In an asset sale, the buyer acquires specific assets and liabilities of the target company as described in the asset purchase agreement. After the deal closes, the buyer and seller maintain their corporate structures, and the seller retains those assets and liabilities not purchased by the buyer. Asset sales are often disadvantageous to sellers because the seller is left with known and unknown liabilities not assumed by the buyer, and the seller usually receives better tax treatment when selling stock. Also, asset acquisitions are typically more complicated and time-consuming than stock acquisitions because of the formalities of assigning specific assets, and the numerous third-party consents which are often required.
In a stock sale, the buyer acquires the target company’s stock directly from the selling stockholders, thus the buyer indirectly acquires all of the target company’s assets, rights, and liabilities. Sellers often prefer to sell stock since they are not left with any contingent liabilities. In addition, sellers typically receive better tax treatment when selling stock as opposed to assets.
A merger is a stock acquisition in which two companies combine into one legal entity. The surviving entity assumes all assets, rights, and liabilities of the non-surviving entity.
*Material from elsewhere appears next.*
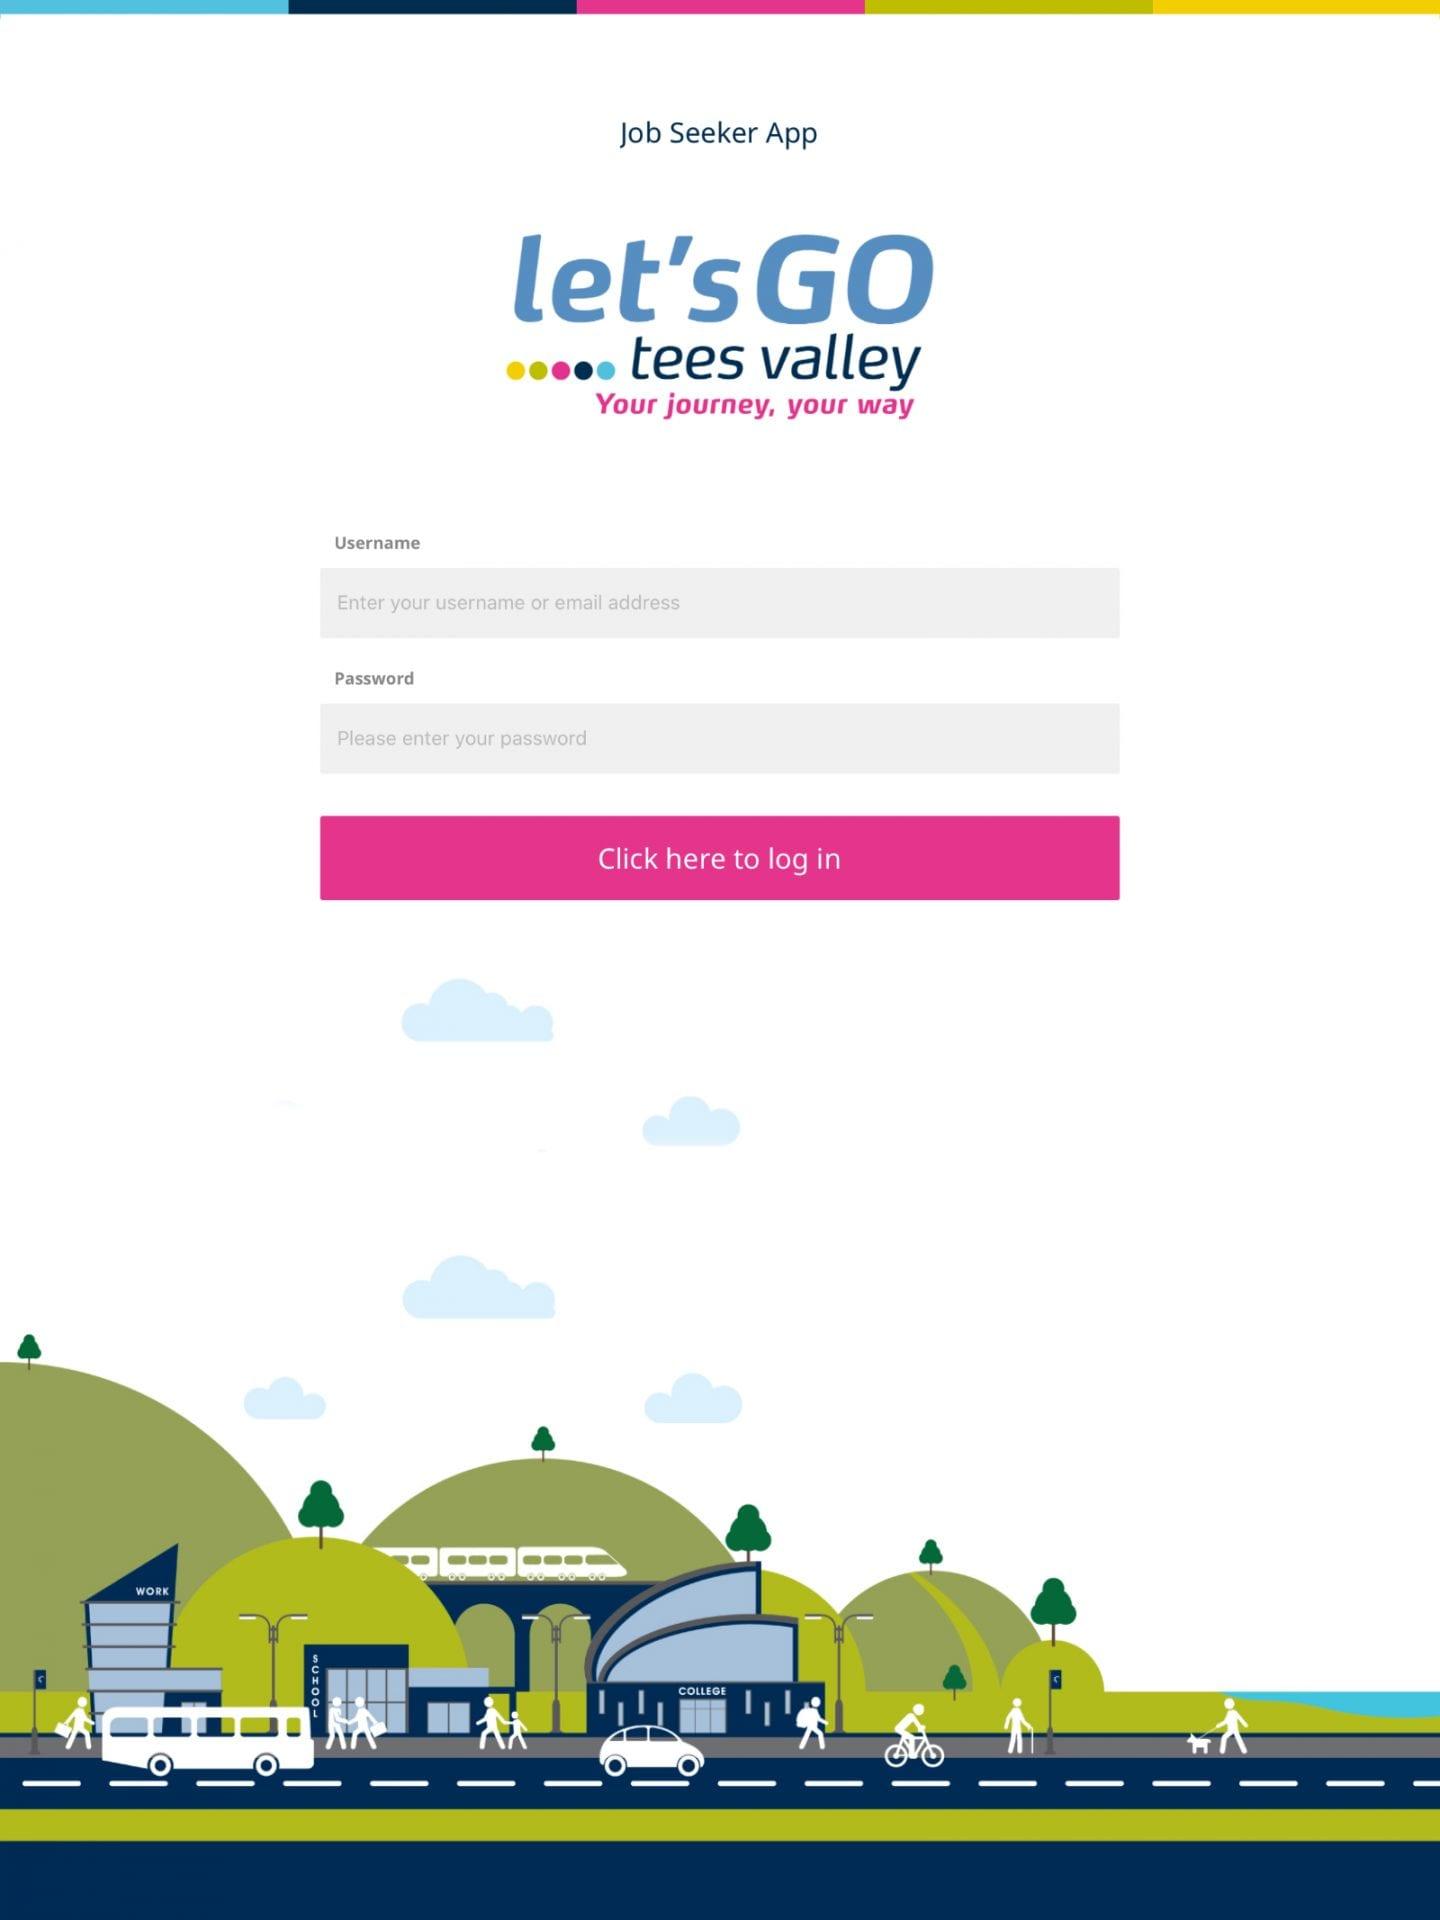 Let's Go Tees Valley - Job Seeker App

Mergers sometimes require less than unanimous consent from the target company’s stockholders while still allowing the buyer to obtain 100% of the stock, which provides an advantage over a stock acquisition (where usually all of the stockholders must agree to sell). A merger is therefore a good choice for buyers that want to acquire a going concern that has many stockholders, especially when some of them may be opposed to selling their stock. However, the corporate laws of most states provide that dissenting stockholders to a merger can petition the court to force the buyer to pay them “fair value” for their shares. This process often adds additional time, complexity, and expense to a merger.
Definitive Agreements, Continued Due Diligence, and Closing
Once you have a signed LOI, the buyer’s counsel usually provides proposed drafts of the purchase agreement and other important transaction documents. The purchase agreement is the primary transaction document, and it describes what is being sold, details the sale process, and lays out the liabilities and obligations of the parties. The purchase agreement is usually heavily negotiated over 1-2 months and sometimes longer, depending on the complexity of the transaction and the parties’ respective willingness to compromise.
While the parties are negotiating the purchase agreement and other transaction documents, the buyer continues its due diligence of the target company. The buyer may use certain information it discovers in the due diligence process to negotiate contractual protections (such as indemnification) in the purchase agreement or to adjust the purchase price.
There is often a period of time between signing the purchase agreement and closing. This may be for legal or practical reasons. For example, the parties may need to obtain regulatory and/or third-party consents for the transaction, but they may not want to pursue such consents until they have a signed purchase agreement.
Purchase agreements for M&A transactions are usually lengthy and complex documents. Your legal counsel can help you understand your rights and obligations under the purchase agreement and help you negotiate a fair and reasonable agreement so that you can minimize your liability and hold on to your sale proceeds.